Читая «Прежде и потом», мы узнаем не только о проделках епископа, но и мнение Гогена о борьбе местных властей за нравственность. «Смотрите, малышка Вайтауни идет к реке. Эта двуполая малышка [подразумевается, что у нее есть нарост на интересном месте] отличается от всех нас, и это приводит вас в возбуждение, даже когда, совсем уставший, вы чувствуете себя импотентом. У нее необыкновенно красивые округлые груди. Я вижу, как это почти обнаженное золотистое тело направляется к прохладной воде. Но будь осторожна, дорогая малышка, там тебя подстерегает волосатый жандарм, хранитель морали, в глубине души так и оставшийся животным. Насытившись твоим видом, он наложит на тебя штраф, чтобы отомстить за то, что ты привела его в смятение, а заодно и оскорбила общественную нравственность».
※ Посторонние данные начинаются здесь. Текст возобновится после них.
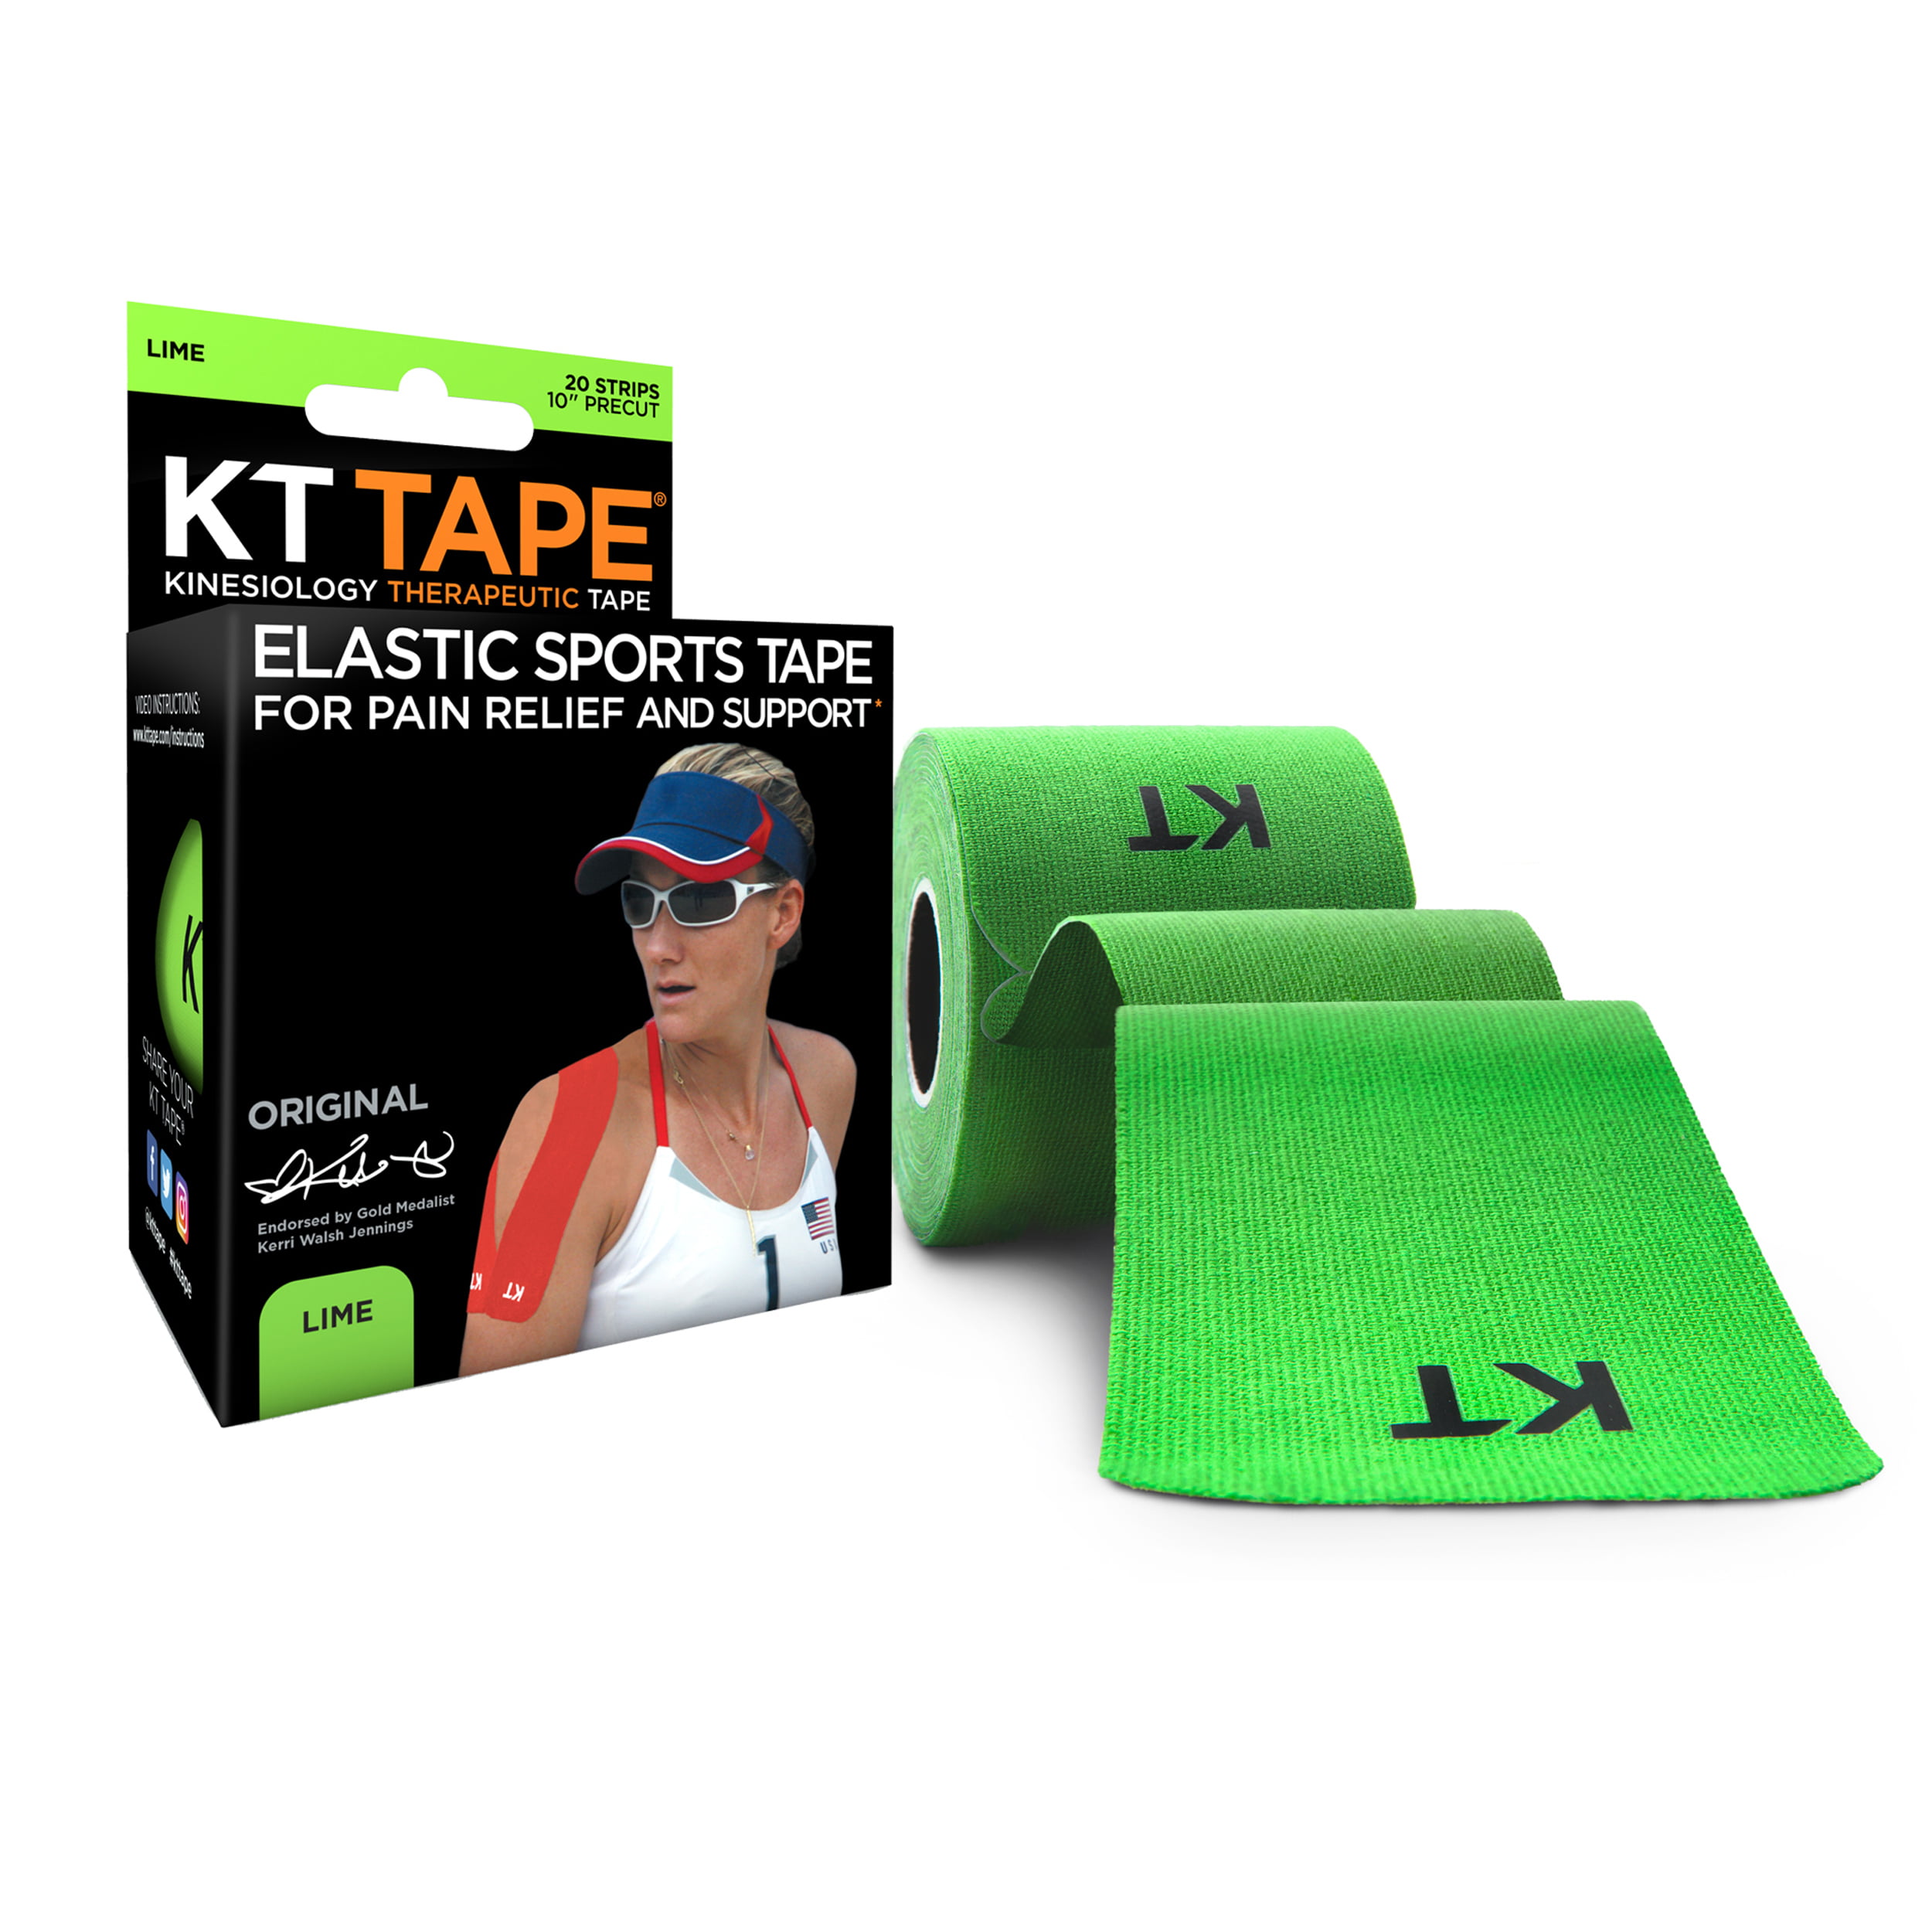 KT Tape Original 20 Strip Cotton Precut Kinesiology Tape FREE Next Day Delivery

В своих дальнейших размышлениях о «Католицизме и современном сознании» Гоген отталкивался «от по-прежнему остро стоящей проблемы: Откуда мы? Кто мы? Куда мы идем? Каково наше подлинное, естественное, разумное предназначение? И каковы условия и каков закон претворения в жизнь этого предназначения в индивидуальном и общечеловеческом смысле?» Подобные размышления побудили Гогена «серьезно рассмотреть доктрину о Христе в ее естественном и разумном смысле. Эта доктрина, лишенная скрывающего и извращающего ее покрова, предстает перед нами, полная величия, в своей истинной простоте и проливает яркий свет на проблемы человеческой сущности и нашей дальнейшей судьбы».
Придя к этому выводу, Гоген безжалостно вынес суровый приговор «католической теократии, сотканной из лицемерия, амбиций, гордыни, коварства, глупости, обмана и жестокости». Вот что он писал: «Когда, покинув эту ужасную ночь средневекового безобразия и разорения, мыслители, озаренные добром, справедливостью, красотой и истиной, ушли вдаль, чтобы не возвращаться назад, не желая даже сохранить форму, облачение этой зараженной чумой церкви, […] они просто инстинктивно следовали библейскому совету взбежать на гору и опереться на самые выдающиеся принципы разума и науки». И в итоге художник задает вопрос: «Разве государство не имеет права полностью упразднить церковь, не нанося вреда свободе и даже во имя этой свободы?»
Когда Гоген писал эти строки, он, вероятно, уже установил тесные отношения с пастором Вернье. Доктор Бюиссон был отозван в Папеэте, а Ки Донг не мог справиться с болезнями Гогена. Новый пастор понимал толк в медицине. И он окажет серьезную поддержку Гогену в его последних сражениях с колониальными властями. Художнику придется столкнуться не только с их происками, но и с более опасными ухищрениями епископа, который попытается приравнять сластолюбие художника к самому тяжкому преступлению — распространению ереси. Жить Гогену оставалось менее года. У него не будет тех двух лет спокойствия, о которых он просил судьбу, когда только приехал на Хива-Оа. Так или иначе, но в начале лета 1902 года творческий путь Гогена практически завершился.
Глава 5
«Повержен на землю, но еще не побежден»
Подходя к концу, жизнь Гогена обретает какое-то своеобразное в своей дикости величие, к которому художник постоянно стремился. Но, как в трагедии Шекспира, смерть настигнет художника лишь после того, как ему придется пережить поистине шутовские ситуации и претерпеть самые банальные, а оттого еще более убийственные преследования. Колониальная политика Третьей республики в этом уголке земли опиралась на власть кюре и жандармов. И навряд ли было случайностью то, что Гоген столкнулся с самыми опасными представителями власти, которые, не желая того, невольно способствовали тому, что творчество художника навеки вошло в историю. Но Гоген проживал в том, настоящем времени, борясь с его убожеством и обходя подводные камни, которые стремились погубить его, утянув на самое дно. От этого он жестоко страдал.